--- Input for this task ---
====

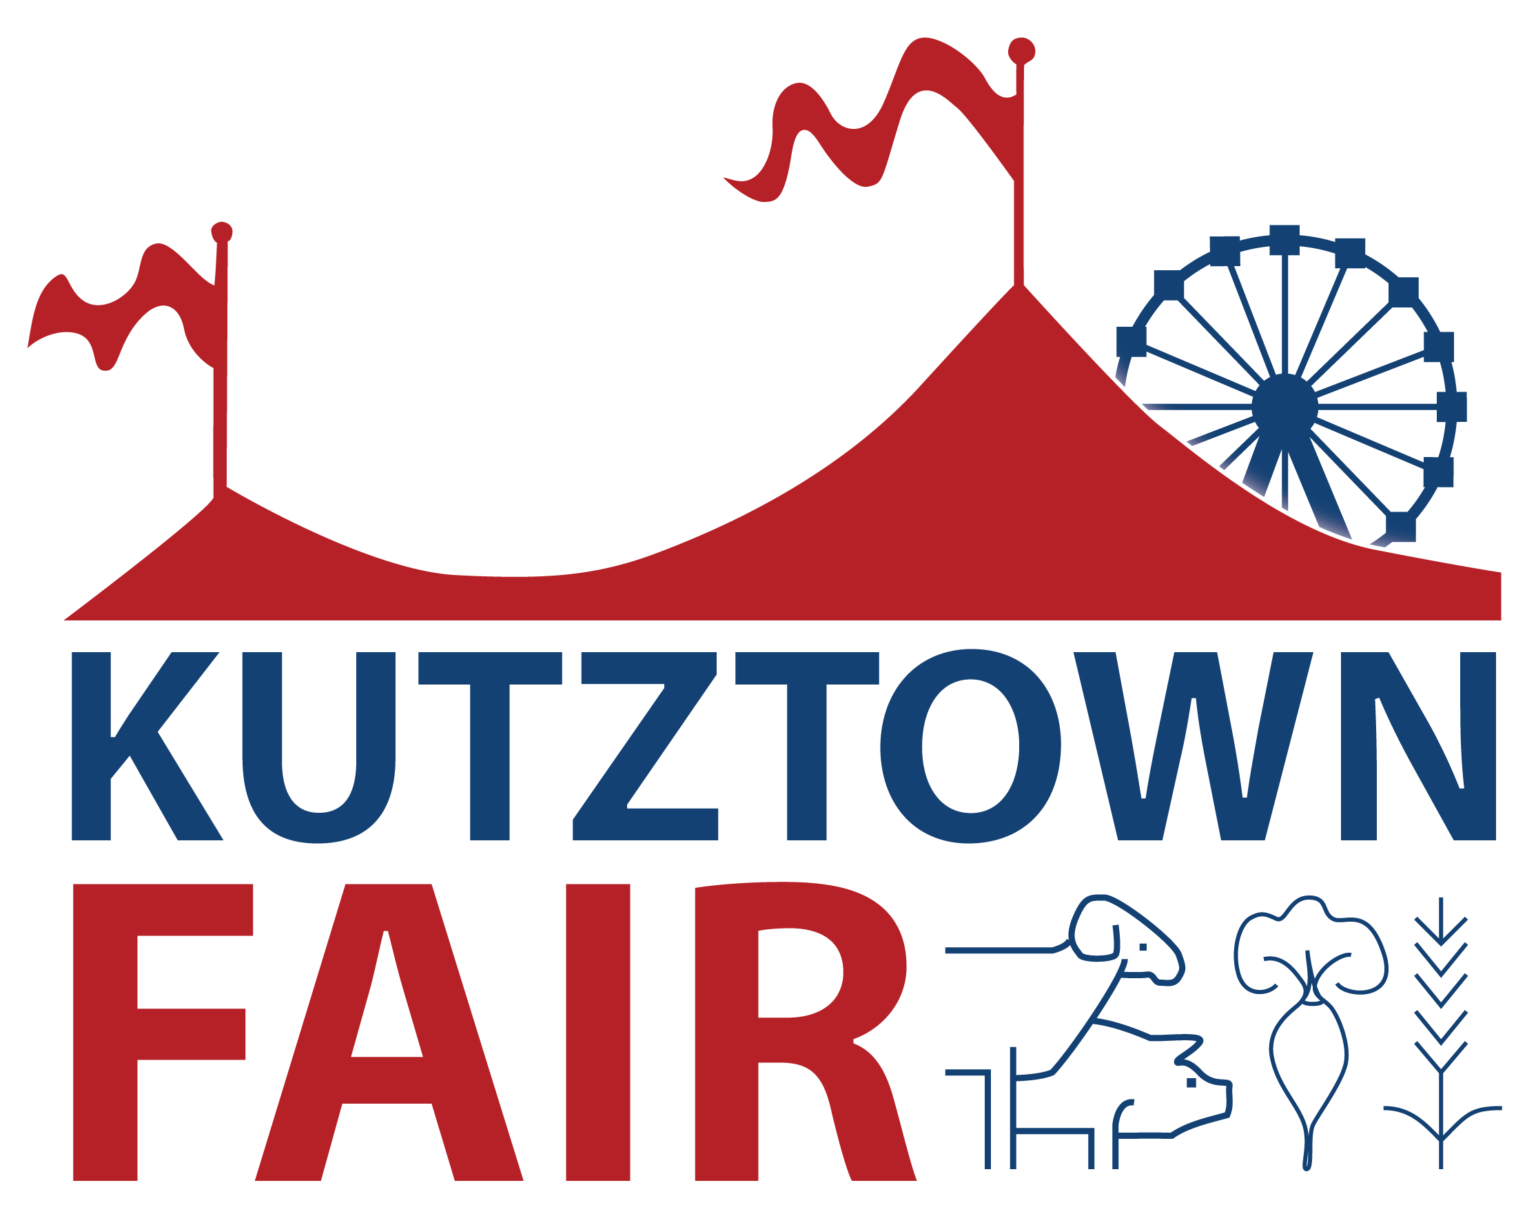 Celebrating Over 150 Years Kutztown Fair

====

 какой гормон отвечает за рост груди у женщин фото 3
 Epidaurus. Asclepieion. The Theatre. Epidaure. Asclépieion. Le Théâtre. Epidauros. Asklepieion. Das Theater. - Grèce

====

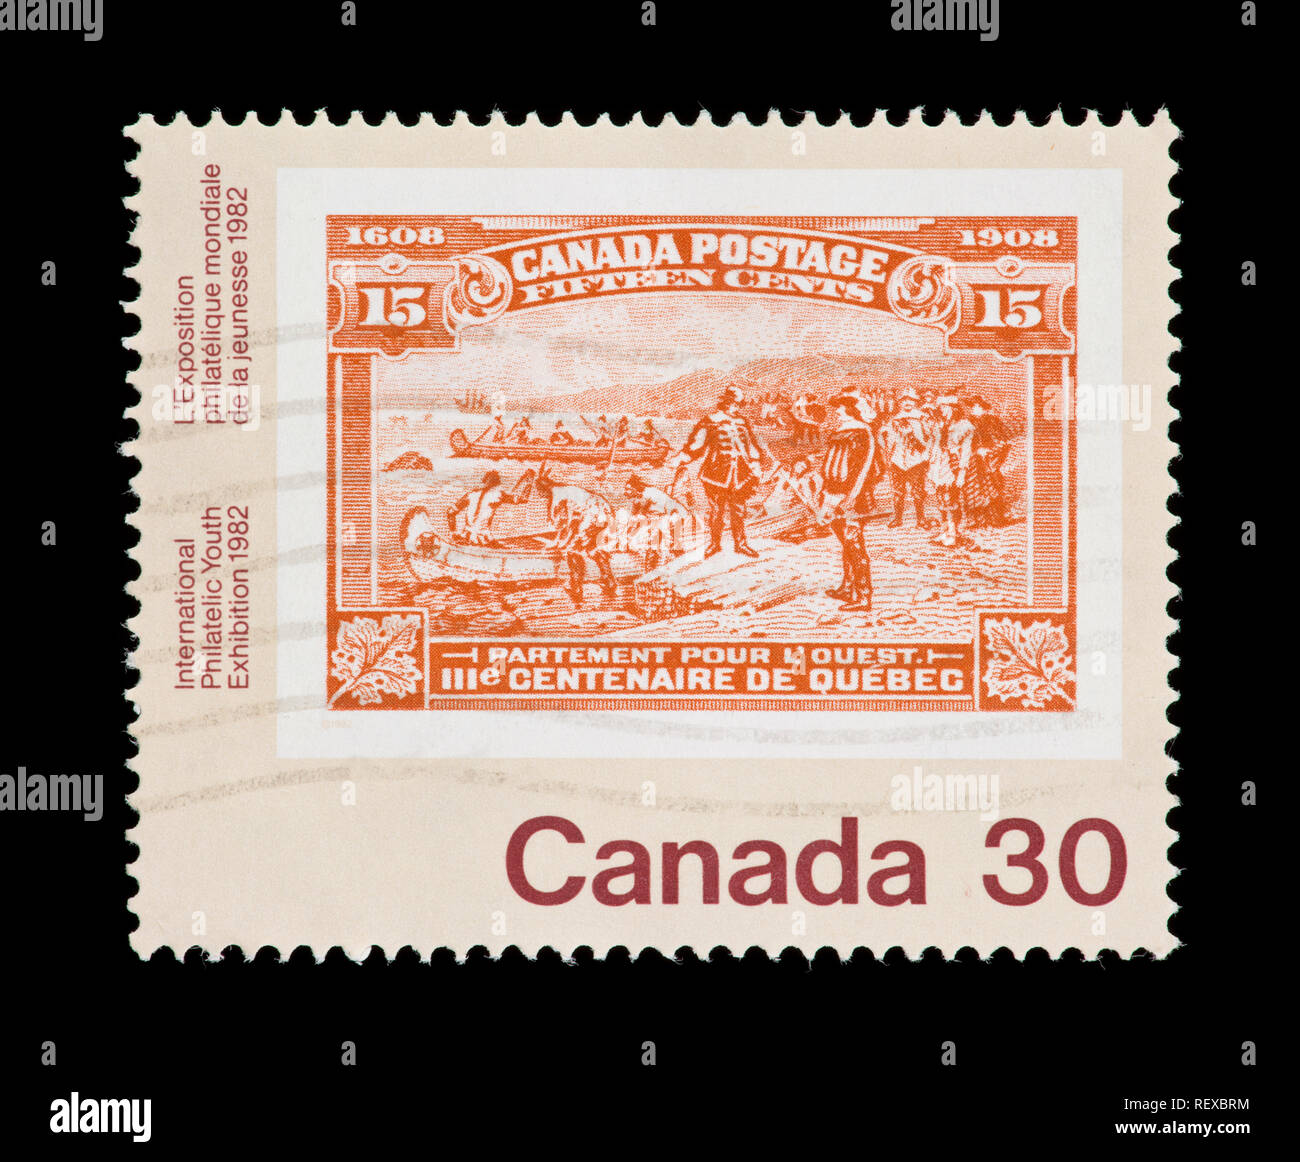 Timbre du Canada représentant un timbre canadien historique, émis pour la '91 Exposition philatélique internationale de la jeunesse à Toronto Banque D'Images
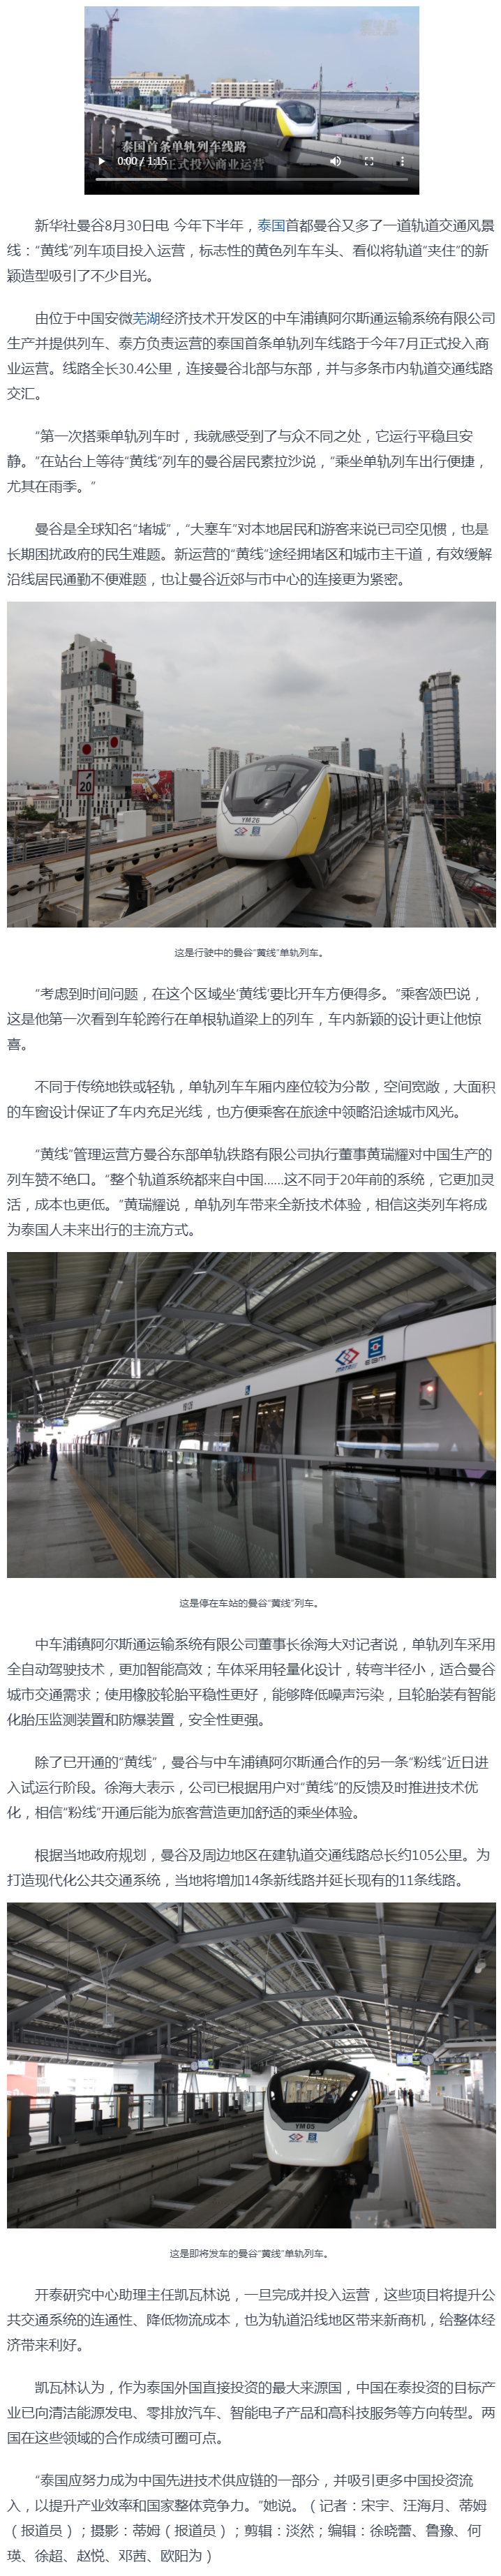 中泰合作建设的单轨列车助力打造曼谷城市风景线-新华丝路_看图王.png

====

--- Task statement ---
Reproduce the entries above exactly, but only the lines between the line holding "какой гормон отвечает" and the line holding "Epidaurus. Asclepieion. The", inclusive.

--- Answer to this task ---
 какой гормон отвечает за рост груди у женщин фото 3
 Epidaurus. Asclepieion. The Theatre. Epidaure. Asclépieion. Le Théâtre. Epidauros. Asklepieion. Das Theater. - Grèce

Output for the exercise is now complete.